Evaluation of proposals and the commissioning of Beyond Tomorrow Reports will be guided by the Law Commission’s framework, notably:
- the Law Commission’s three-part raison d’être – living law, pursuing justice, renewing hope;
- the four-point compass of the Law Commission’s work – “Dream, Repair, Build, Share”; and
- the Law Commission’s “Intersections” framework for law and law reform, shaped by co-existing and interacting substantive domains, structures, systems and jurisdictions.
To be considered, a proposal to contribute a Beyond Tomorrow Report should demonstrate:
- Ambition and capacity to explore underexamined issues and sites in law.
- Embrace of complexity of the issues at stake and an ability to explain and work with that complexity (including dimensions along a spectrum from global to local).
- Research methodology that integrates multiple disciplines, sectors and/or legal traditions.
- Commitment to articulating reform pathways in the ongoing evolution of law.

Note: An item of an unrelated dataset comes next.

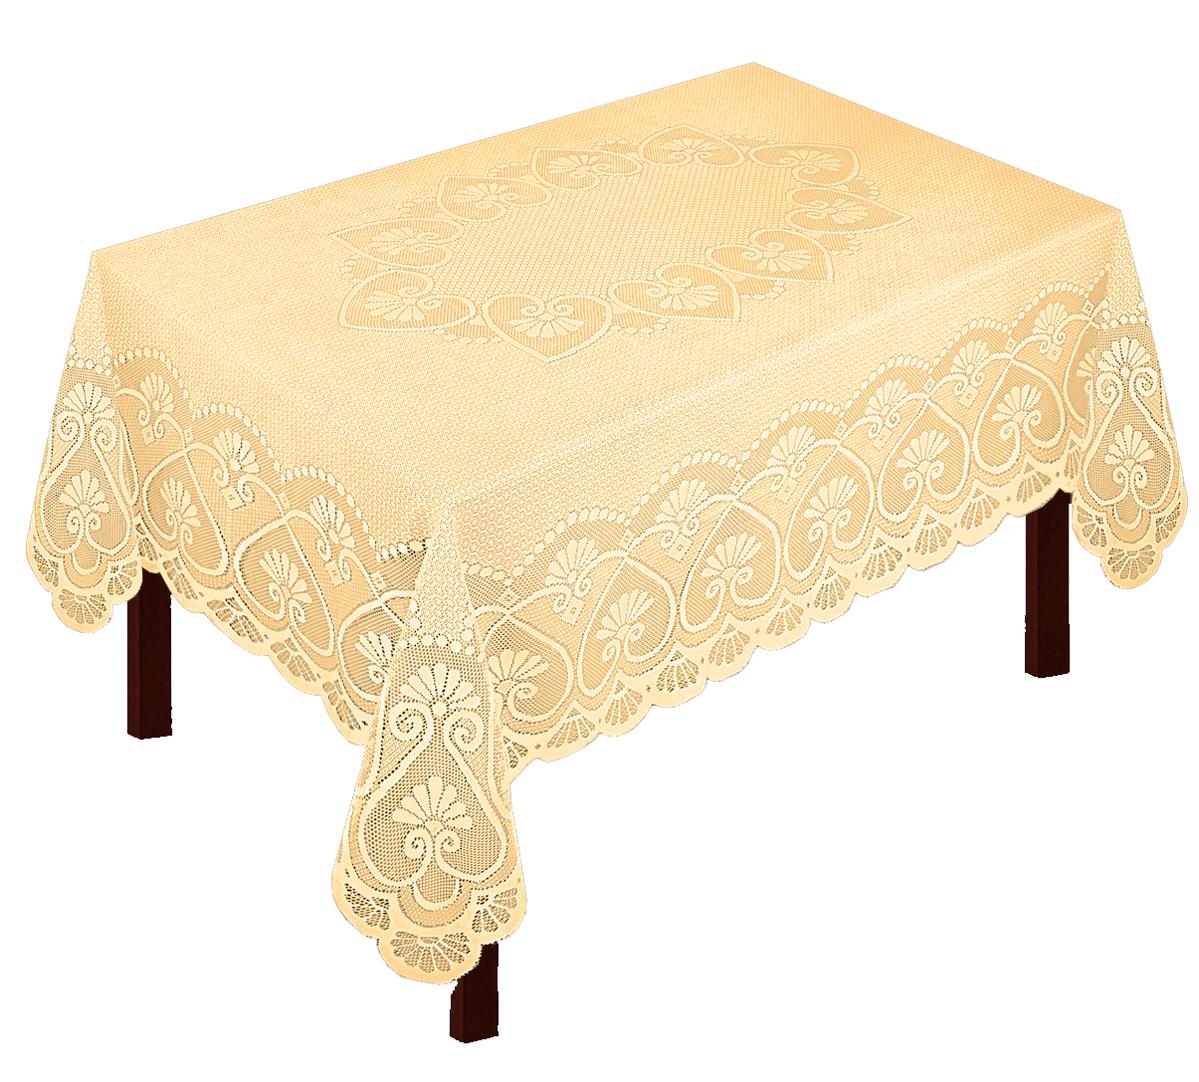 Скатерть Zlata Korunka, прямоугольная, цвет: золотистый, 205 х 165 см. 80029AMC-00070Великолепная скатерть Zlata Korunka, выполненная из полиэстера жаккардового переплетения, органично впишется в интерьер любого помещения, а оригинальный дизайн удовлетворит даже самый изысканный вкус. Изделие не скользит со стола, легко стирается и прослужит вам долгое время. Скатерть создаст праздничное настроение и станет прекрасным дополнением интерьера гостиной, кухни или столовой.

- A plan for public engagement in the form of a partnership or outreach activity including at least one community-based actor.
For further context on the LCC, potential contributors are directed to Part II (Rebuild, Resituate, Reimagine) of the Law Commission Reflection Paper: Recall to Reimagine: (Re)Creating the Law Commission of Canada – Se souvenir pour réinventer : la (ré)création de la Commission du droit du Canada (Ottawa: Law Commission of Canada, 2024).
The LCC aims to notify applicants of its decision within 6-8 weeks of receipt of a submitted proposal.
Upon being commissioned to produce a Report, authors are expected to submit a complete draft to the LCC within six months.